Shipment volumes in September 2016 slipped 0.4 percent from the previous month and 3.1 percent compared with the same 2015 period, the 19th straight month of year-over-year volume declines, according to the latest Cass Freight Index Report.

   The North American freight market free fall continued in September 2016 despite “less bad” data coming out of August, according to the latest Cass Freight Index Report.
   Shipment volumes in August were up 0.4 percent from July and “only” down 1.1 percent from the previous year, engendering what Cass referred to as mere “false hope.”
   In September, shipment volumes slipped 0.4 percent from the previous month and 3.1 percent compared with the same 2015 period, marking the 19th straight month of year-over-year volume declines.
   Freight expenditures, on the other hand, jumped 5.2 percent compared with August, but were still down 3.8 percent compared with September of last year.
   The logistics payment solutions provider attributed the persistent weakness in the market primarily to “increased levels of volatility as all levels of the supply chain (manufacturing, wholesale and retail) continue to try and work down inventory levels.” This weakness has been offset, in part, by growth in specific areas such as e-commerce and transportation modes serving the auto and housing/construction industries.
   “Bottom line, the Industrial Recession in the U.S. that began in March of 2015 continues to weigh on overall volumes,” said Donald Broughton, an economist with Avondale Partners and author of the report.
   The decline in September shipments was driven primarily by North American rail volumes, which continue to decline as demand for coal and crude oil continue to fall dramatically, and the low price of diesel fuel drives domestic intermodal loads back to the trucking market.
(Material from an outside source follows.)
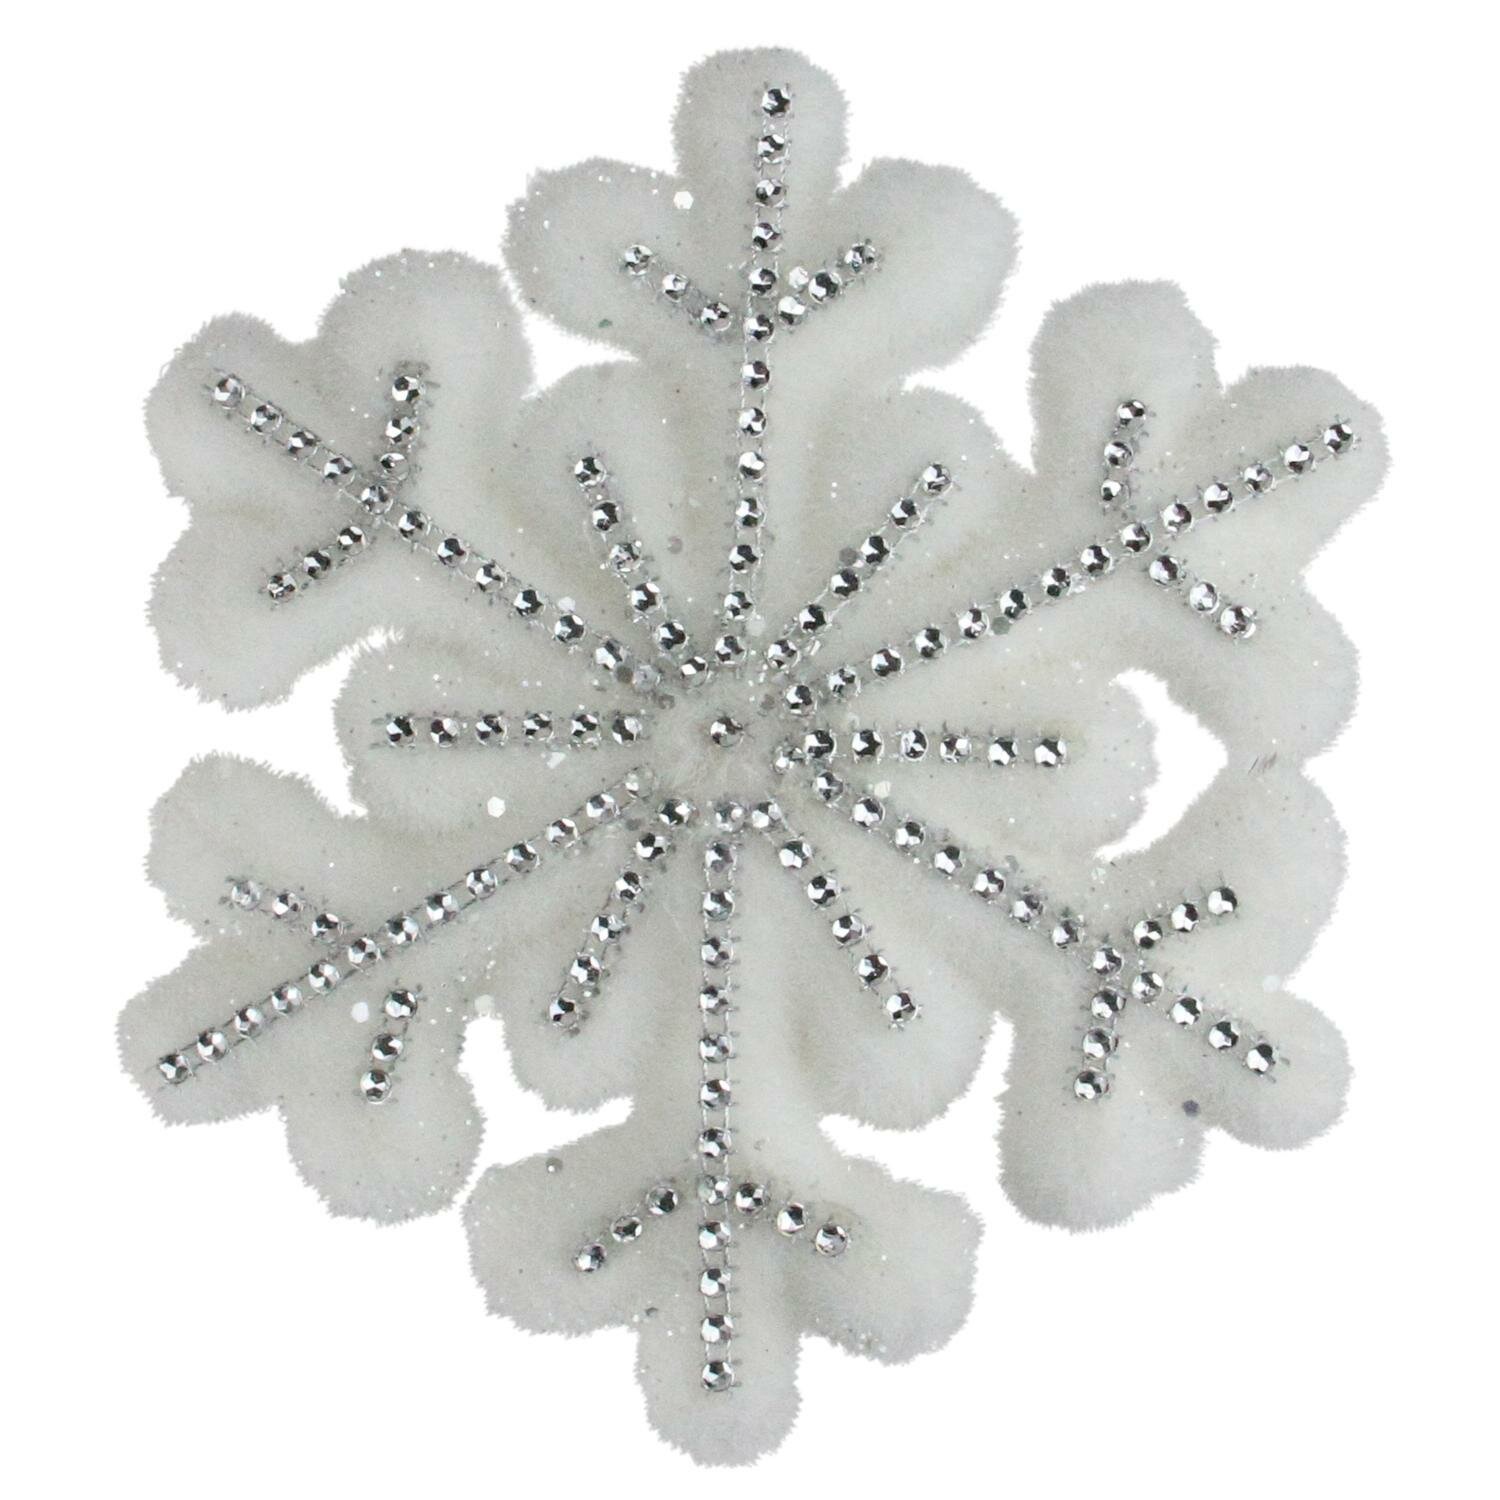 Christmas Decorations for Office Christmas Snowflake Hanging Decoration Garland Ornaments for Xmas Winter Wonderland Holiday Party Decor CHRORINE Winter Snowflake Swirls Decorations 30 Pcs

According to data from the Association of American Railroads, intermodal traffic for U.S. Class I railroads fell 4.5 percent year-over-year in September, while commodity carloads fell 3.5 percent during the same period.
   “Rails have seen persistent weakness, with overall volumes being negative 86 out of the last 87 weeks,” said Broughton. He said the primary diver of weakness in rail volumes is the strength of the U.S. dollar, which is putting downward pressure on exports and domestic manufacturing, adding that the current valuation of the dollar “would suggest continued weakness in rail volumes.”
   The trucking industry has provided mixed results of late, as tonnage seems to be growing, but loads have contracted in four of the last six months, according to the report.
   “No matter how it is measured, the data coming out of the trucking industry has been both volatile and uninspiring,” said Broughton.
   Although the September decline in shipment expenditures was less severe than in previous months, the market is still contracting, driven by excess of capacity in trucking, rail, airfreight, barge, ocean container and bulk transport.
   And despite the fact that the gap between spot pricing and contract pricing in most modes has closed slightly, “this is more a function of slight declines in contract pricing than it is a function of improvements in spot pricing,” said Broughton.
   “We see little reason to predict a change in course or material strength in either the contract or spot rates for most modes,” he added. “Exceptions to this do remain in the parcel marketplace and forms of expedited transit supporting e-commerce.”
   The Cass Freight Index is based on domestic freight shipments of hundreds of the company’s clients across a wide variety of industries. Cass Information Systems processes more than $26 billion in annual freight payables.